> _Collected data_:

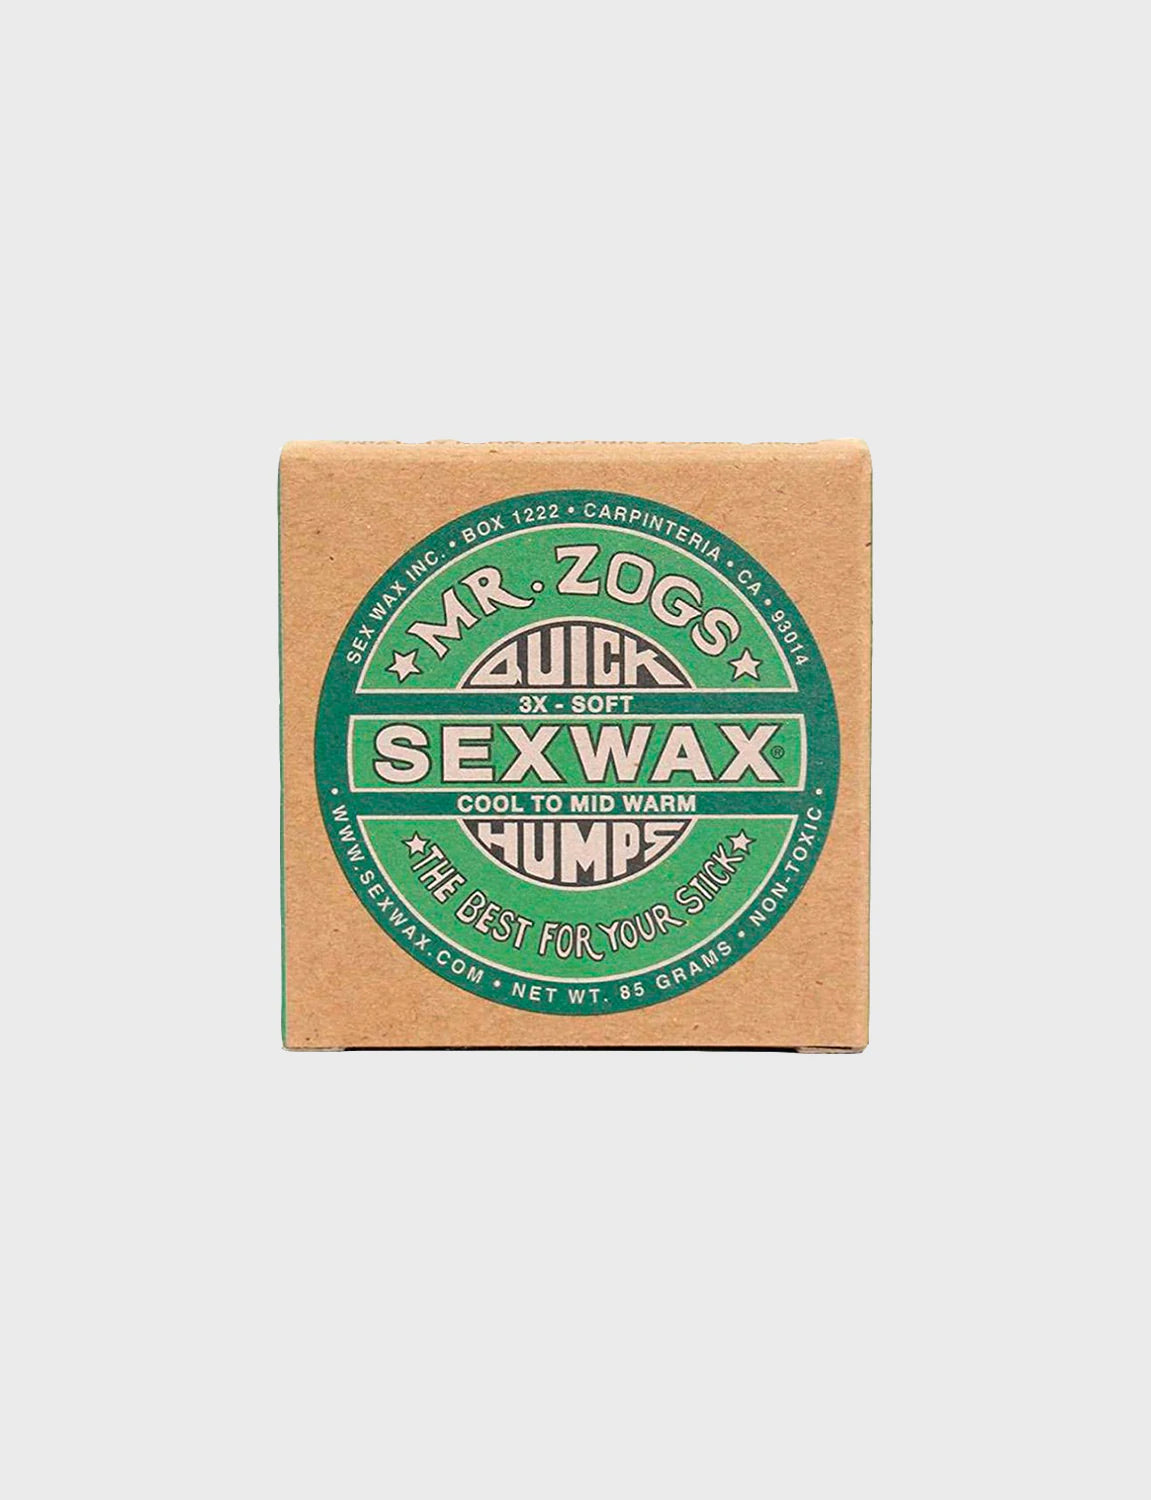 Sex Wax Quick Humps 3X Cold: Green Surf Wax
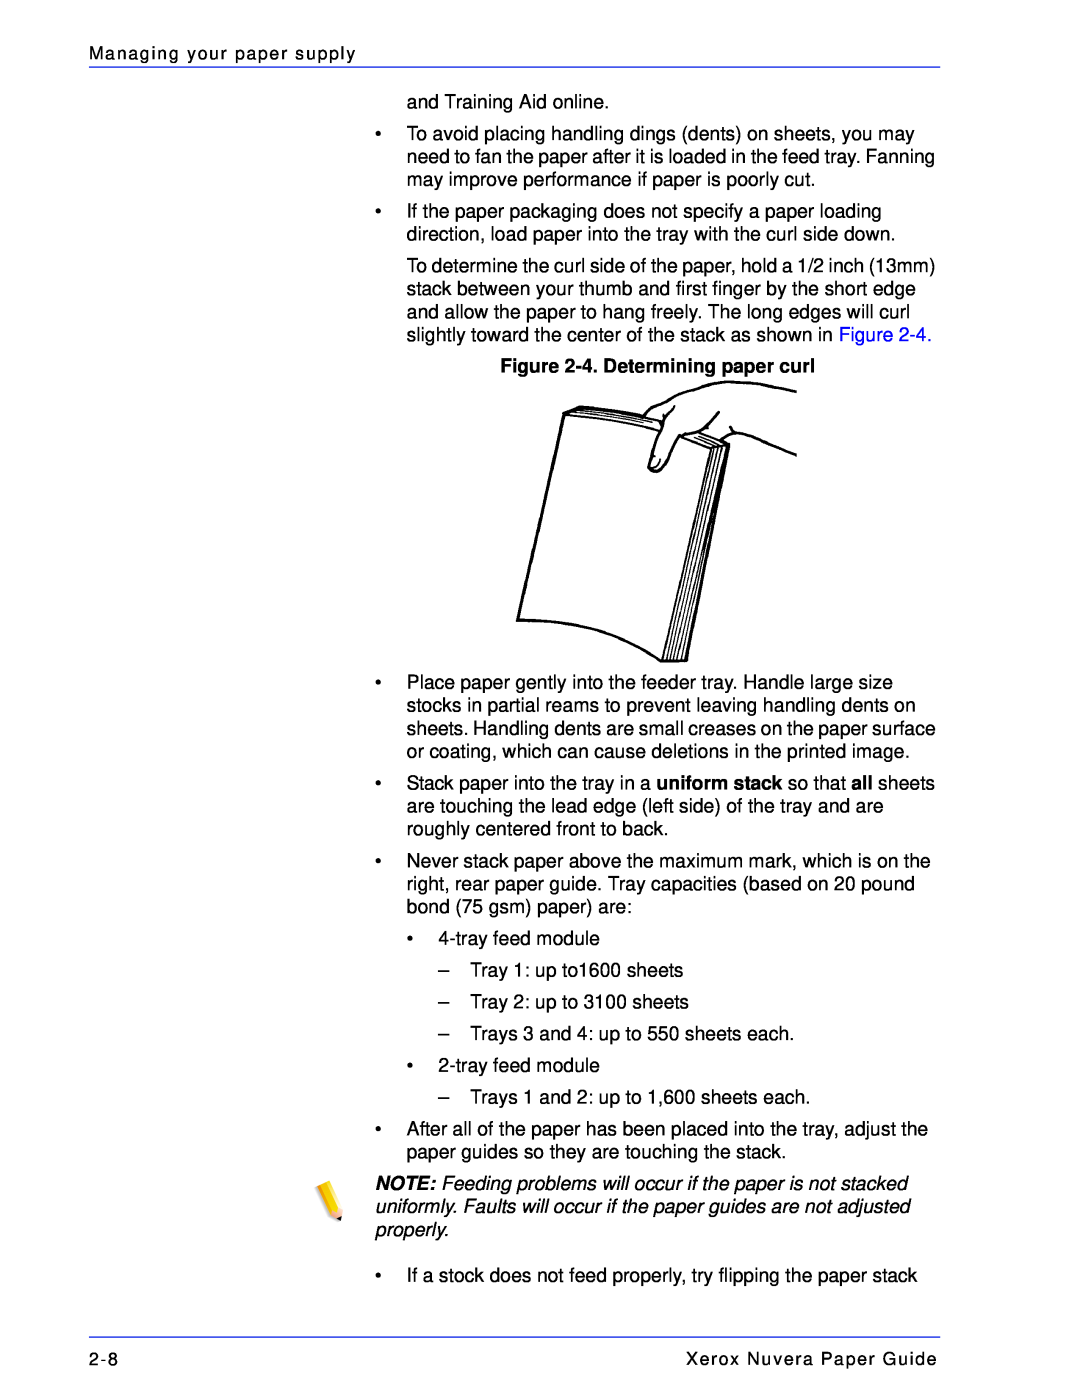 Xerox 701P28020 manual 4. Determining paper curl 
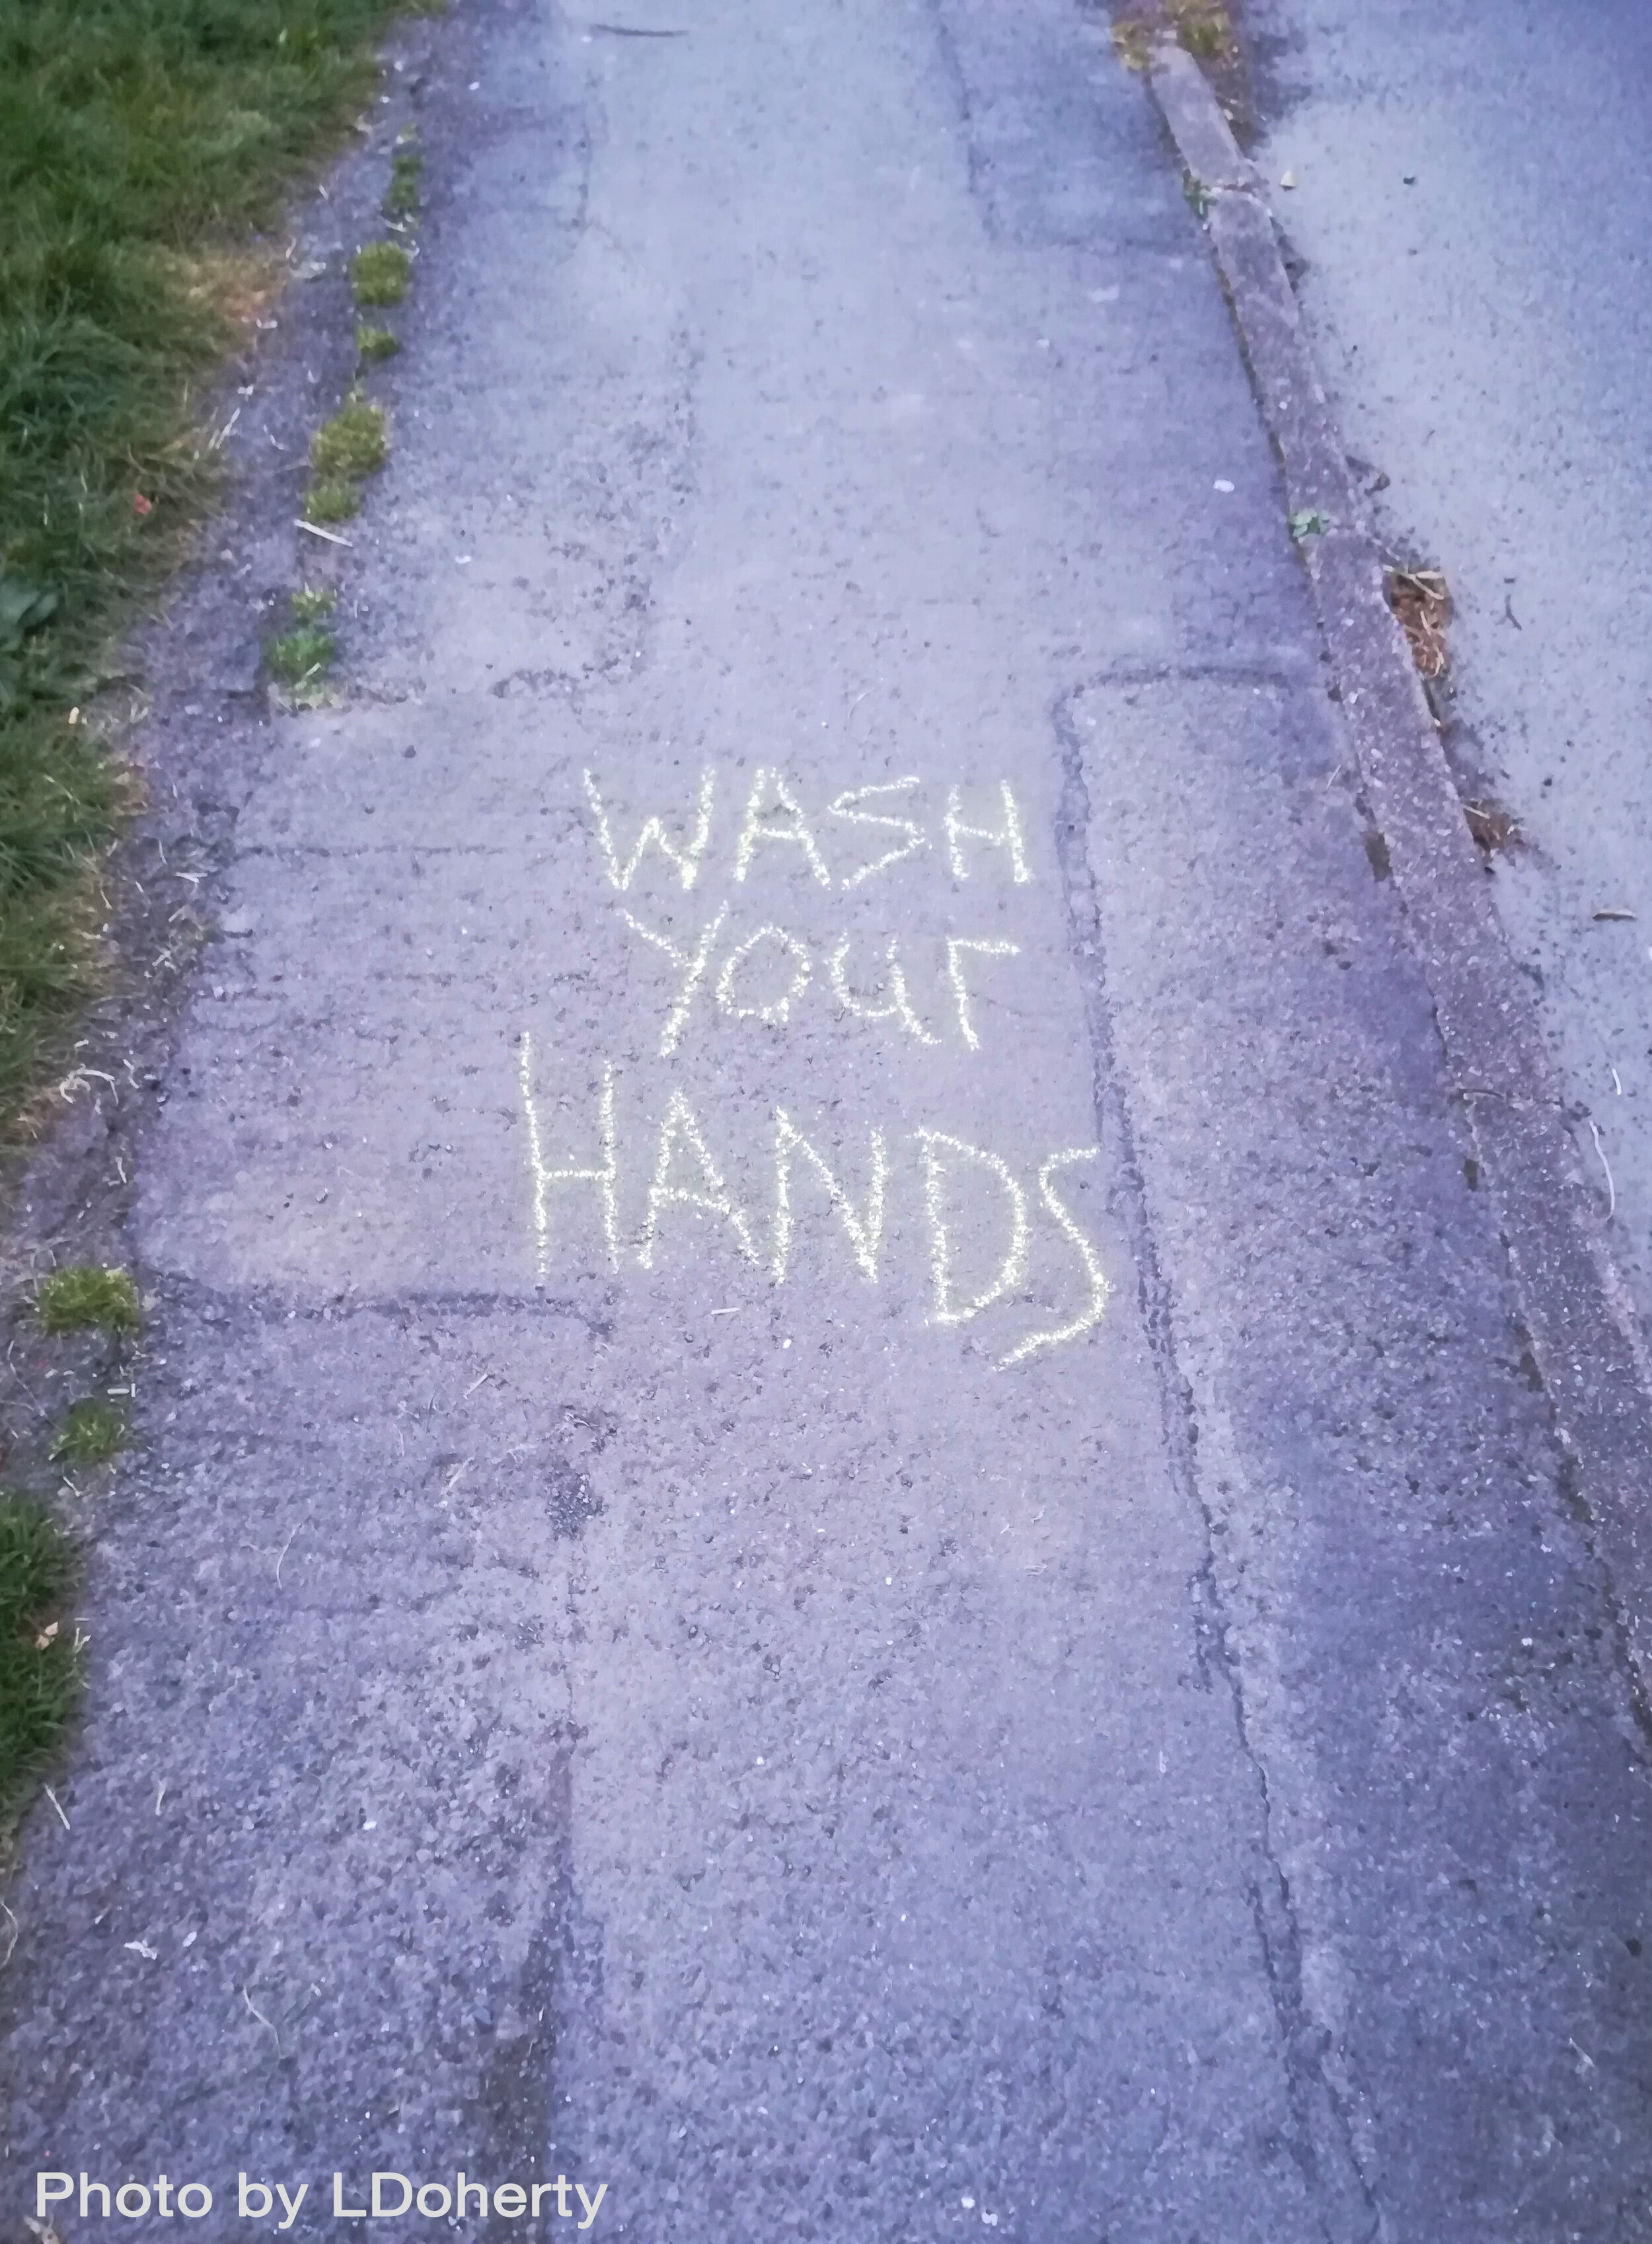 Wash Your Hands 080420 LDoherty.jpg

> _Assignment_:
Please reproduce, exactly and only, the lines from the line containing "Xerox 701P28020 manual" through the last line of the material above, minus any pictures.

> _Response_:
 Xerox 701P28020 manual 4. Determining paper curl 
 Wash Your Hands 080420 LDoherty.jpg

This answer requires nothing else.